Wiseman reached some fascinating and very scientific conclusions. The funniest animal is, allegedly, a duck. The Brits apparently prefer their humor dry, while the Americans are allegedly fond of aggression in their humor. Oh, that's funny.
But the most important part of this work was surely the search for the funniest joke in the world. Wiseman asked 1 million people to offer their ratings.
I am conscious of the dangers involved in asking 1 million people about anything. We have often seen the difficult results inherent in any democracy or popularity contest.
Here, though, I present the winner:
Two hunters are out in the woods when one of them collapses. He's not breathing and his eyes are glazed, so his friend calls 911. "My friend is dead! What should I do?" The operator replies, "Calm down, sir. I can help.
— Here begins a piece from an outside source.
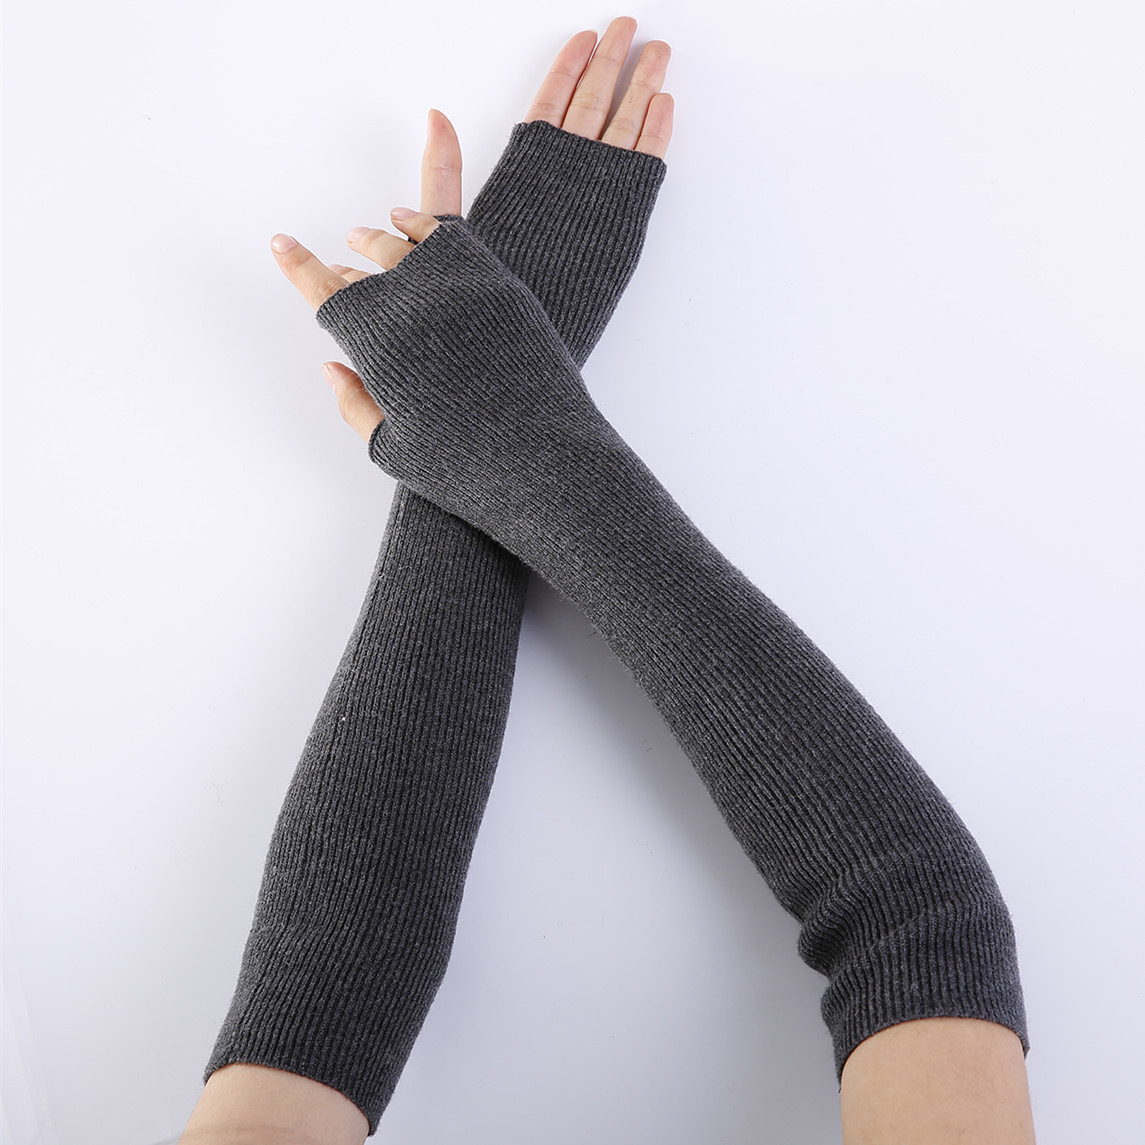 Armstulpen Damen-accessoires 2018 Winter Reine Farbe Wolle Weiche Modische Warme Handschuhe Finger Kaschmir Halb Arme Arm Wärmer 1 Paar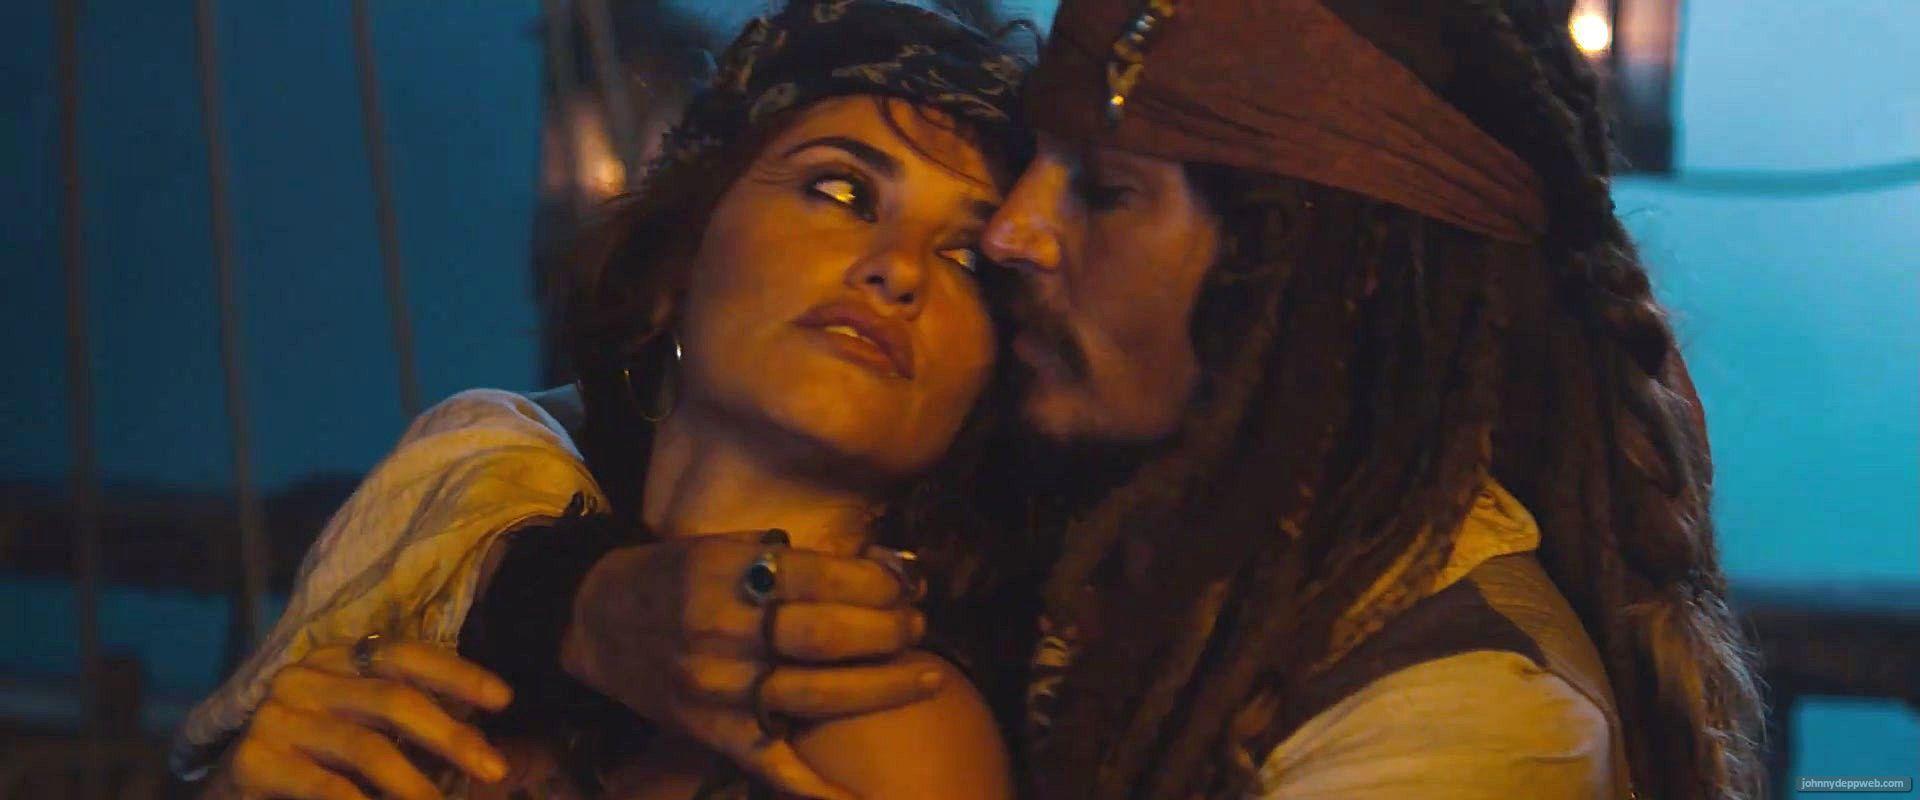 Pirate of the caribbean porn tube erotic classic girls

First make sure that he's dead." There's a silence, then a loud bang. Back on the phone, the guy says, "OK, now what?"
(pauses for reaction)
So, your keyboard or screen has now either been covered by a cocktail of coffee and spittle. Or you are sitting there considering the meaning of life and the worth of your fellow man.
I will only offer one small observation about humor. Context means so much. There are times of the day, moments of an evening, when certain forms of humor seem to work.
There are other occasions when the very same joke, even told to the very same people, descends like a stricken owl.
Often, there's no controlling these moments. I was once at a dinner with 20 female professional golfers. They began to tell jokes. Each was a touch more filthy than the last.
When it came to my turn, I had no idea what to do. My pinot noir had every idea. So I told a joke that, I confess, plumbed one or two depths.
When I got to the punchline, there was a pause. Several nanoseconds of fear. Then, laughter.
I was lucky. They were drunk.
I think Wiseman's 1 million would have hated it.